The Problem with “Cute”

I hinted at this post when I wrote about the K-On! movie yesterday with a riddle that was probably too open-ended to be guessed correctly. Actually, there were “correct” answers (“overrated” and “pandering”), but no one guessed the correct answer I was looking for: “cute.” I like cute, I like cute cartoons, but “cute” the adjective is beginning to gall me, and I think it should be avoided altogether when writing reviews about anime.

When you’re trying to “sell” your readers on an anime, it behooves you to try and be as descriptive as possible about why you like it so much. Moe fans seem to have the hardest time with this, and I think part of the reason why is that they lean too heavily on the instinctive appeal of “cute” to explain why something works. The time when “cute” was novelty appeal passed us years ago, since we live in an age where cats rule the Internet, and cute is so common its virtues as a descriptor are voided. It’s like if you described a stand-up comedian as “edgy” because that describes nearly every comedian. That does nothing to explain why you find Tig Notaro funny. And cute is everywhere in anime, even in anime where cute probably isn’t wisest design choice for the story you’re trying to tell.

And on top of that, trying to describe why you find something cute is also a loser’s game because that reaction is personal and psychological. Tsundere, for instance, is a cute trope I generally like, but some people are understandably repelled by it. There may be another angle that explains why some trope-filled character interests you, but if there isn’t, you’re probably better off not mentioning it, because the only people who will understand, are those who also get the dog whistle, and chances are, they’ve already heard of or seen what you’re talking about.
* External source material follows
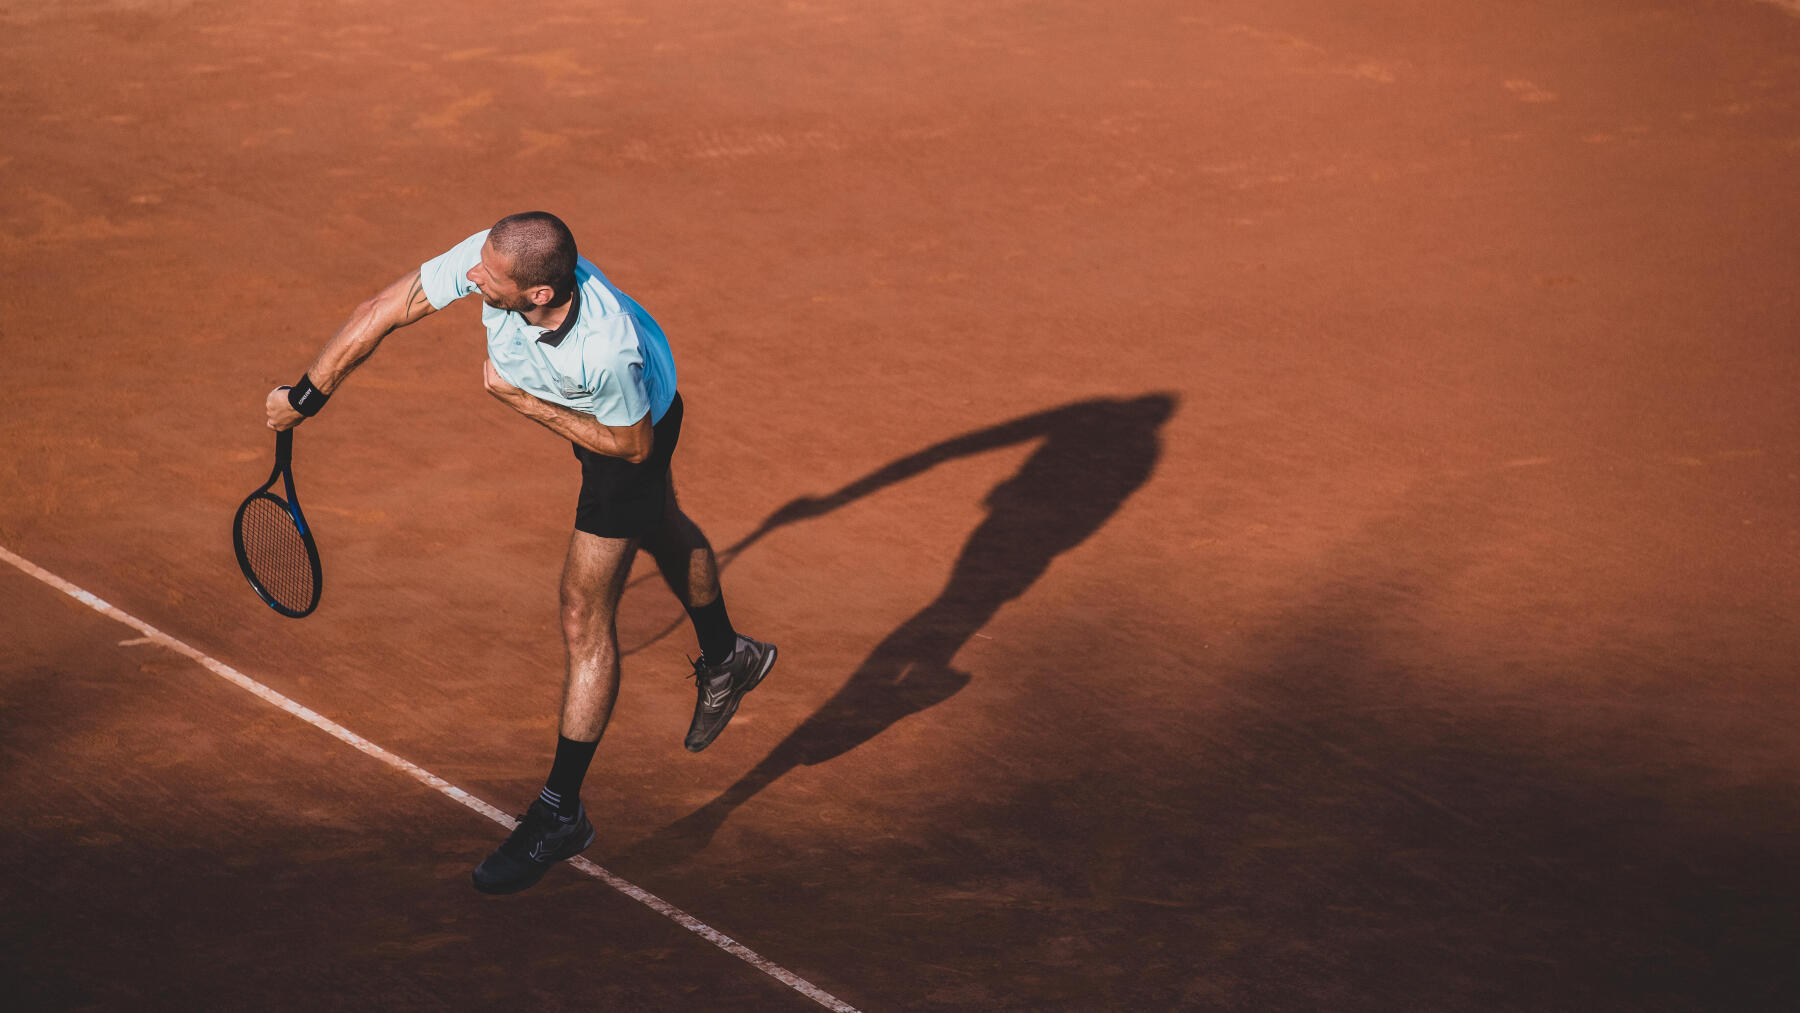 Courts de tennis en Terre battue, quels avantages ?
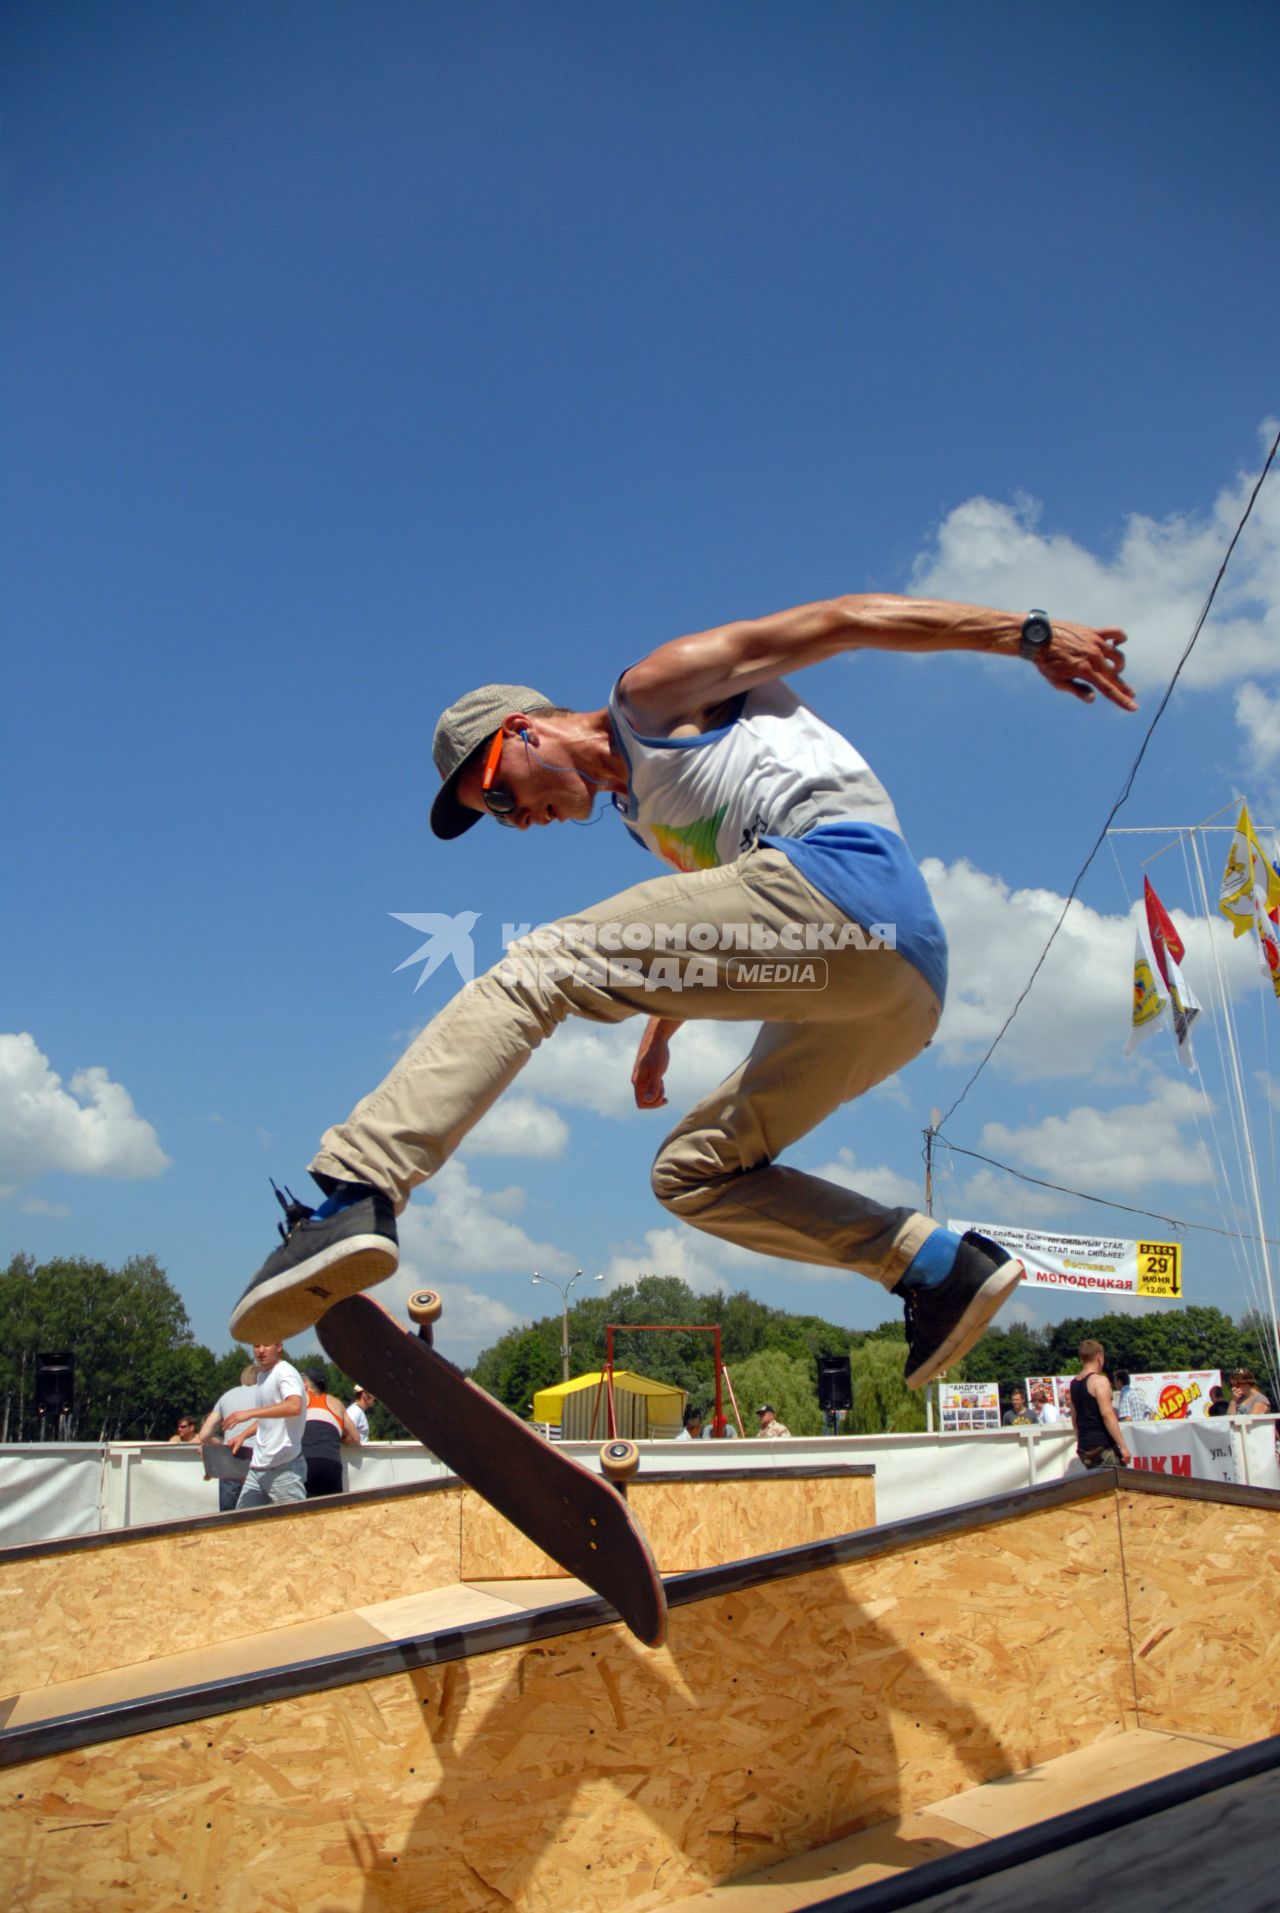 Соревнования по экстремальному скейту среди молодежи в Тульском парке. На снимке: участник соревнований выполняет прыжок.

So when I wrote my K-On review, I didn’t talk about how cute everyone was, and instead, I wrote about how relatable they were and the attention to detail KyoAni put into the movie. It was really easy for me to do this because K-On! has plenty of virtues beyond being “cute.” But if you ever find yourself trying to persuade someone to watch something because of how cute it is, stop. Figure out why this anime stands out from every other cute thing out there, and if you can’t find an answer to that, then it’s wise to not recommend it at all.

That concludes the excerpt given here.